After a few more years of formal education, Melville left
school at eighteen to become an elementary school teacher. This
career was abruptly cut short and followed by a brief tenure as
a newspaper reporter. Running out of alternatives on land, Melville
made his first sea voyage at nineteen, as a merchant sailor on a
ship bound for Liverpool, England. He returned to America the next
summer to seek his fortune in the West. After settling briefly in
Illinois, he went back east in the face of continuing financial
difficulties.
Finally, driven to desperation at twenty-one, Melville
committed to a whaling voyage of indefinite destination and scale
on board a ship called the Acushnet. This journey
took him around the continent of South America, across the Pacific
Ocean, and to the South Seas, where he abandoned ship with a fellow
sailor in the summer of 1842, eighteen months
after setting out from New York. The two men found themselves in
the Marquesas Islands, where they accidentally wandered into the
company of a tribe of cannibals. Lamed with a bad leg, Melville
became separated from his companion and spent a month alone in the
company of the natives. This experience later formed the core of
his first novel, Typee: A Peep at Polynesian Life, published
in 1846. An indeterminate mixture of fact
and fiction, Melville’s fanciful travel narrative remained the most
popular and successful of his works during his lifetime.
Life among these natives and other exotic experiences
abroad provided Melville with endless literary conceits. Armed with
the voluminous knowledge obtained from constant reading while at sea,
Melville wrote a series of novels detailing his adventures and his philosophy
of life. Typee was followed by Omoo (1847)
and Mardi and a Voyage Thither (1849),
two more novels about his Polynesian experiences. Redburn, also
published in 1849, is a fictionalized account
of Melville’s first voyage to Liverpool. His next novel, White-Jacket; or The
World in a Man-of-War, published in 1850,
is a generalized and allegorical account of life at sea aboard a
warship.
Through the lens of literary history, these first five
novels are all seen as an apprenticeship to what is today considered
Melville’s masterpiece, Moby-Dick; or The Whale, which
first appeared in 1851. A story of monomania
aboard a whaling ship, Moby-Dick is a tremendously
ambitious novel that functions at once as a documentary of life
at sea and a vast philosophical allegory of life in general. No
sacred subject is spared in this bleak and scathing critique of
the known world, as Melville satirizes by turns religious traditions,
moral values, and the literary and political figures of the day.
Melville was influenced in the writing of Moby-Dick by
the work of Nathaniel Hawthorne, author of The Scarlet Letter, whom
he met in 1850 and to whom he dedicated Moby-Dick.
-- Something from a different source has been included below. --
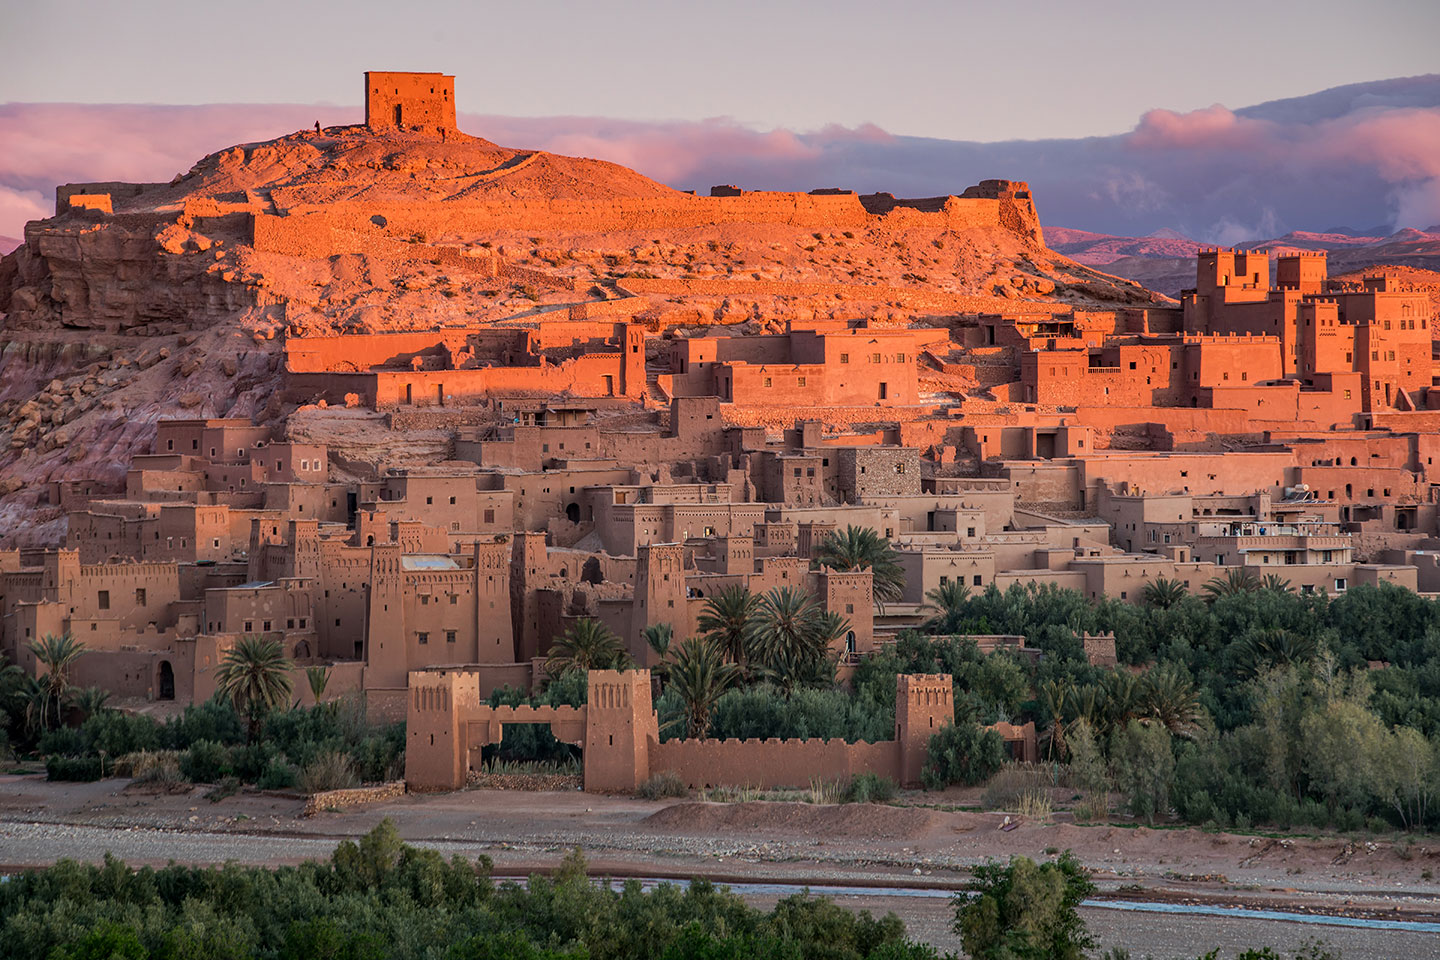 Dramatic sunset over Aït Benhaddou Kasbah in Morocco during a travel photography trip
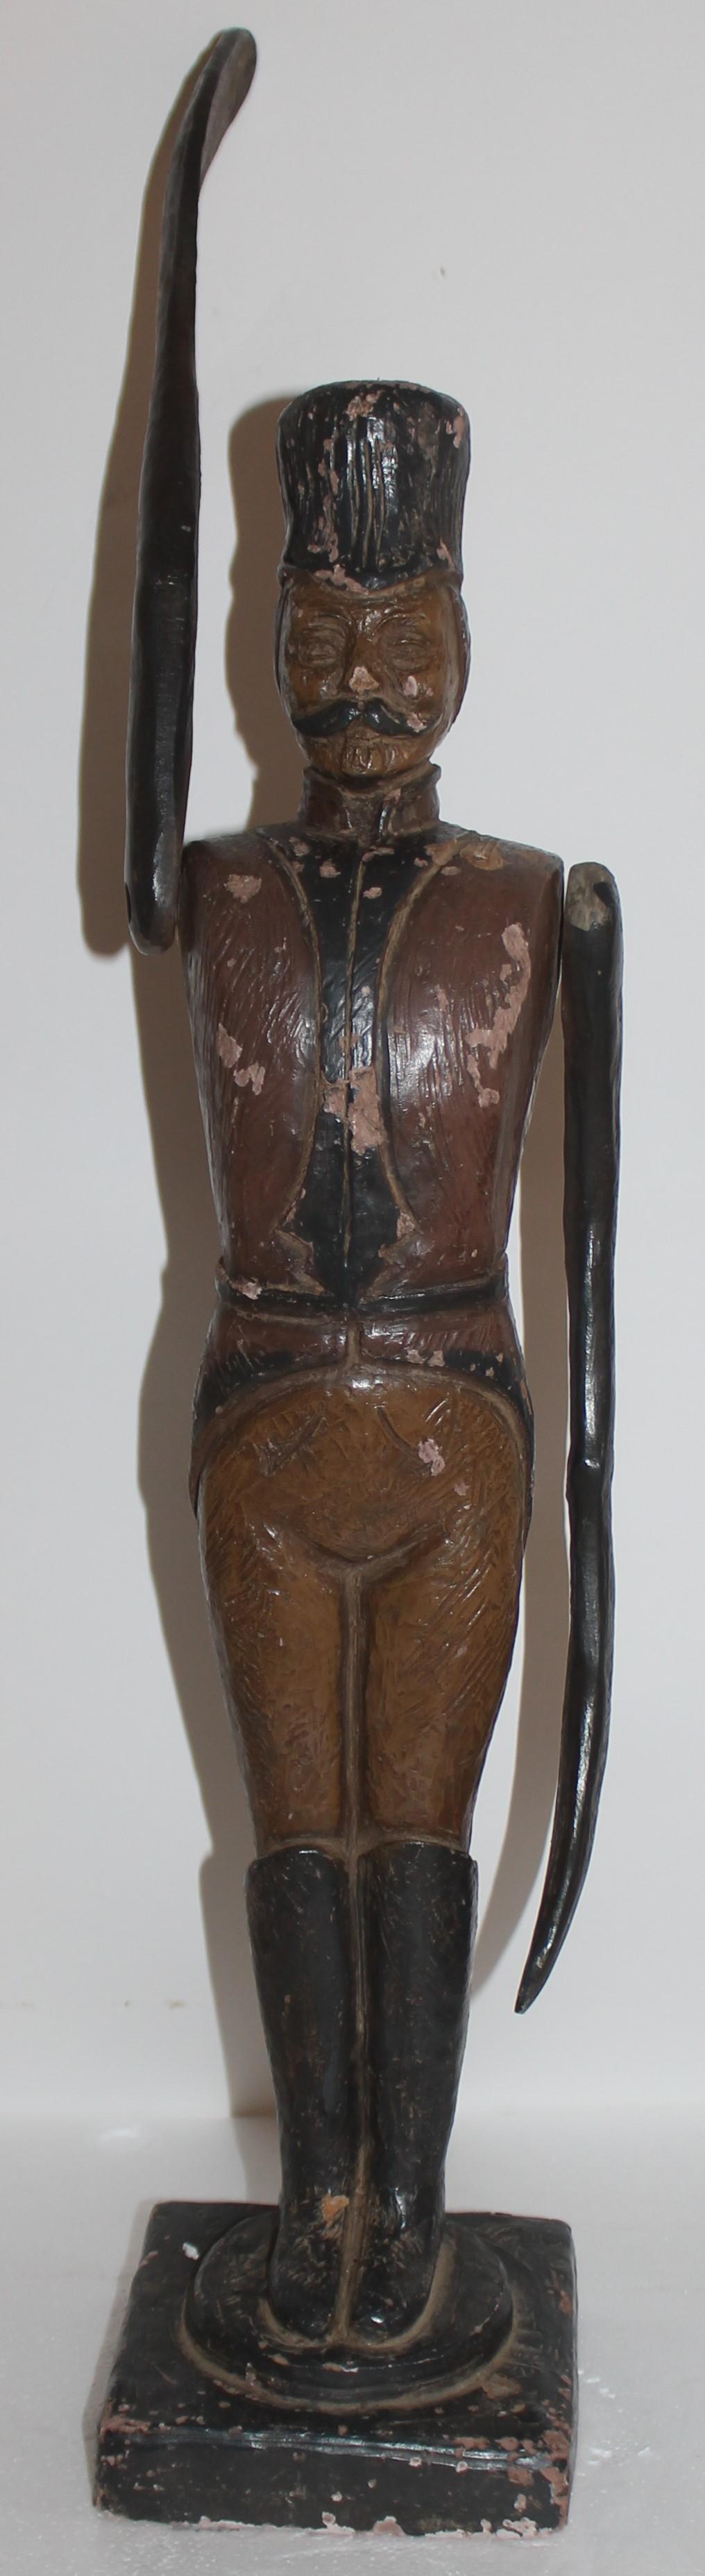 This folk terracotta sculpture is depicting a English soldier in uniform - The jointed arms are attached by screws in the shoulder area. It has chips or wear in areas see pictures for close up wear. This is a later 20th c copy of an early 19thc

Melville
had long admired Hawthorne’s psychological depth and gothic grimness
and associated Hawthorne with a new, distinctively American literature. Though
the works of Shakespeare and Milton and stories in the Bible (especially
the Old Testament) influenced Moby-Dick, Melville
didn’t look exclusively to celebrated cultural models. He drew on
sources from popular culture as well; whaling narratives, for example,
were popular in the nineteenth century. Melville relied on Thomas Beale’s
encyclopedic Natural History of the Sperm Whale and
the narrative Etchings of a Whaling Cruise, by
J. Ross Browne.
By the 1850s, whaling was a dying
industry. Whales had been hunted into near extinction, and substitutes
for whale oil had been found. Despite its range of cultural references
and affiliation with popular genres, Moby-Dick was
a failure. Its reception led Melville to defy his critics by writing
in an increasingly experimental style and eventually forsaking novels
in favor of poetry. He died in 1891.
Moby-Dick remained largely ignored until
the 1920s, when it was rediscovered and promoted
by literary historians interested in constructing an American literary
tradition. To these critics, Moby-Dick was both
a seminal work elaborating on classic American themes, such as religion,
fate, and economic expansion, and a radically experimental anachronism
that anticipated Modernism in its outsized scope and pastiche of
forms. It stands alongside James Joyce’s Ulysses and
Laurence Sterne’s Tristram Shandy as a novel that
appears bizarre to the point of being unreadable but proves to be
infinitely open to interpretation and discovery.